"Build a longer table, not a higher fence" - this comment by well-known Queensland photographer Edwina Robertson was one of the offerings from four talented speakers sharing insights in how to connect through creativity at the annual Queensland Rural Regional and Remote Women's Network high tea in Brisbane.
Together with former Australian newspaper reporter, now Country Style columnist Annabelle Hickson; West Australian Bec Bignall, the creator of freelance promotional platform Rural Room; and branding and marketing with an agricultural perspective business owner, Charlotte Durack, Ms Robertson spoke about the development of relationships as a way to bridge city-country gaps in understanding.

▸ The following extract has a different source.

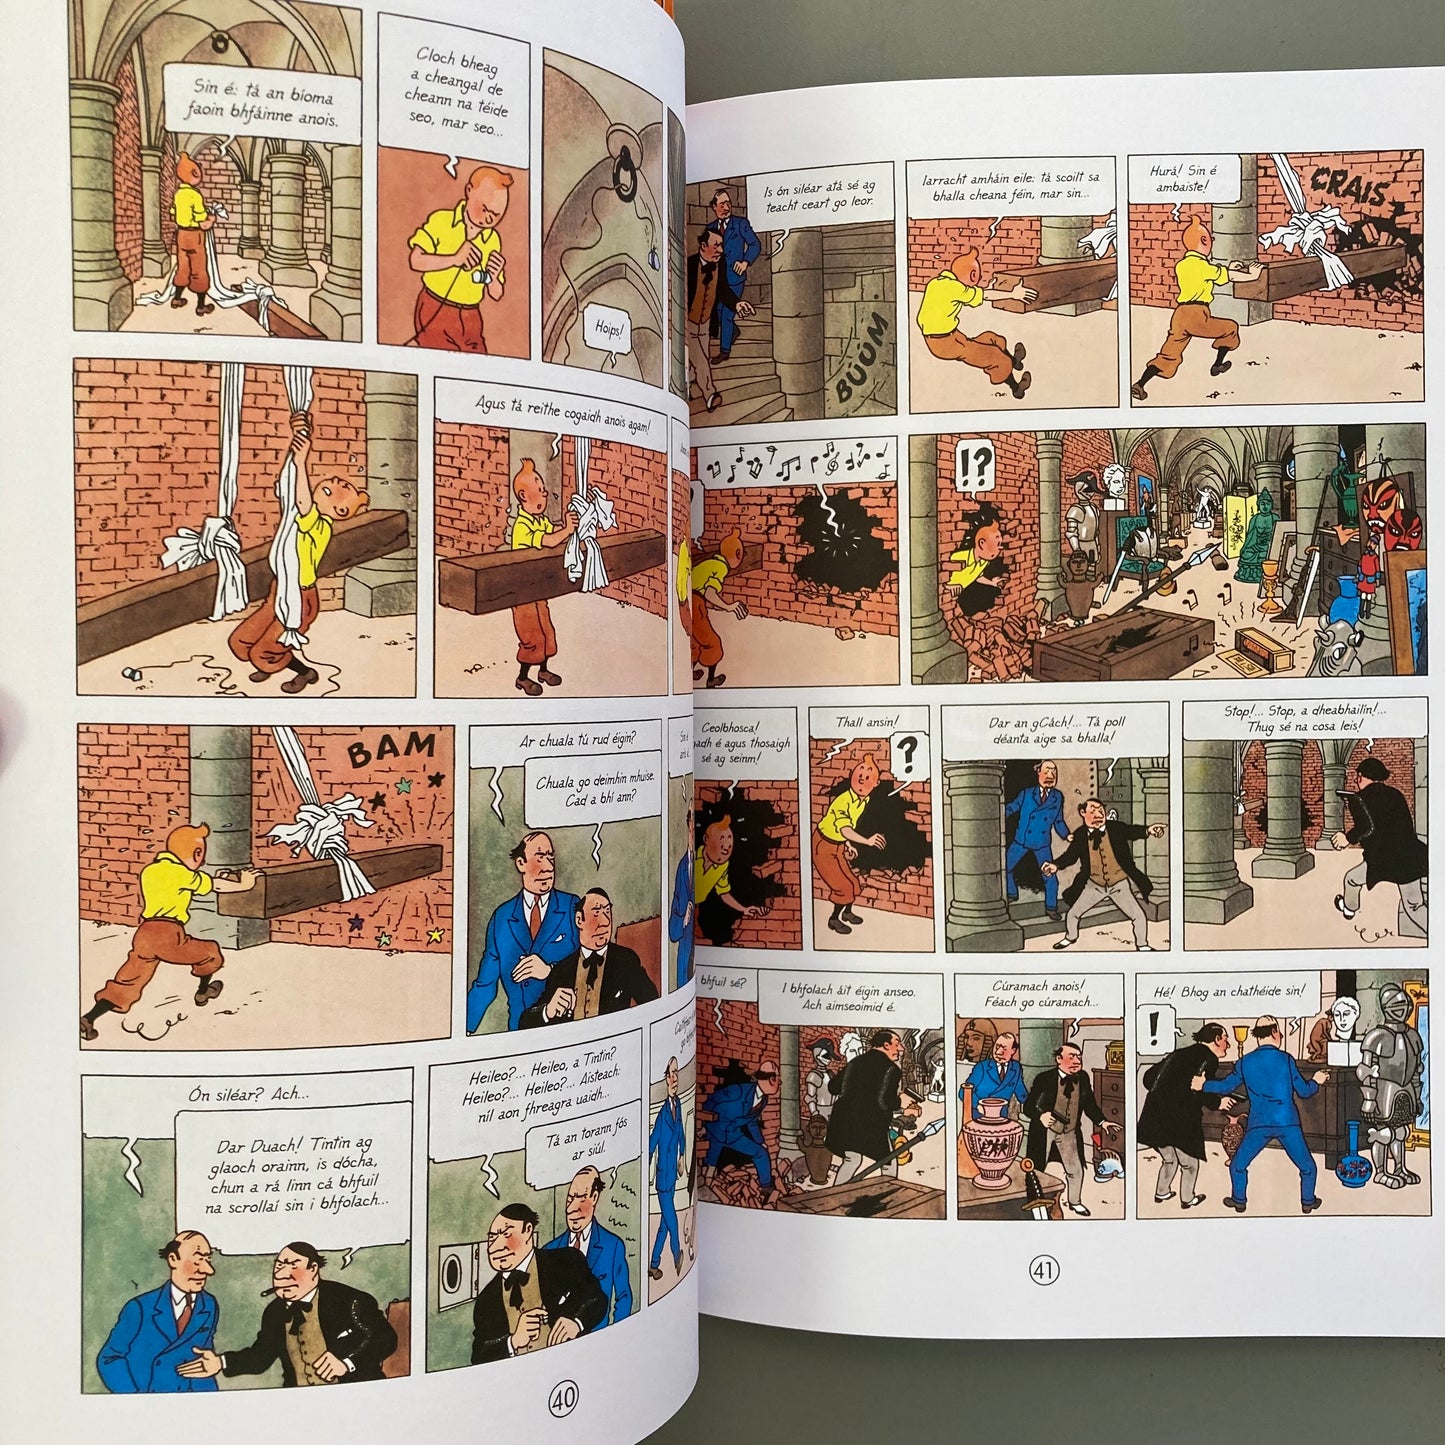 Eachtraí Tintin: An taonbheannach Mistéireach

She told the crowded Ithaca auditorium in Brisbane's City Hall that to help people connect, it was important to humanise a problem by putting a person behind an issue.
Using her two social media 'passion projects', Wander of the West and One Bucket as examples, she said she'd found city people did care about rural issues but were unsure about how to best connect.
"They are just not told enough about what happens in the bush," she said.
Ms Bignall, one of the Australian Financial Review's 100 Women of Influence, said story-telling was part of the bush's culture, which she was working with through reverse engineering, by getting skilled in the city and bringing that knowledge back.
"We don't go over to the city side of the bridge enough," she said.
"Our story is a connection; it doesn't need to be a social media picture.
"Go calmly - city people are interested but they've got no access."
She also suggested that 'cross-pollination' was needed, describing social media as an echo chamber a lot of the time and urging people not to just go out to their own network all the time.
Ms Bignall cautioned against thinking social media was always the answer, reminding people their digital footprint was there forever.
Strong relationships at the heart of work value
Building strong relationships with businesses is one way women can finally start being paid properly for the work they are contributing, work that is often undervalued as 'arty'.
How women can combine their desire to advocate for rural Australia, and their professional abilities, with society's assumption that it will be free, was one of the curly questions faced by the QRRRWN high tea panel in Brisbane.
Charlotte Durack, the owner of Agri Creative, said women themselves were not great at putting a value on their skills.
"Think about the problem you are solving and the value it will have on lives, and feel comfortable with that," she suggested. "Business will pay us if they value what we offer, and we have to build relations to do that."
According to Annabelle Hickson, who married to a Tenterfield pecan farmer, became a published florist, and co-hosts the Dispatch to a Friend podcast, she gets leaned on all the time.
"My criteria for a job is that it has to meet two of the following - be fun, interesting and make money. Plus in small rural communities, it has to benefit the community."
Bec Bignall suggested flipping the issue.
"In film and TV there is funding for city organisations to go to the regions but the money stays in the city.
"I want to develop points for stringers to monetise their story. There should be pathways."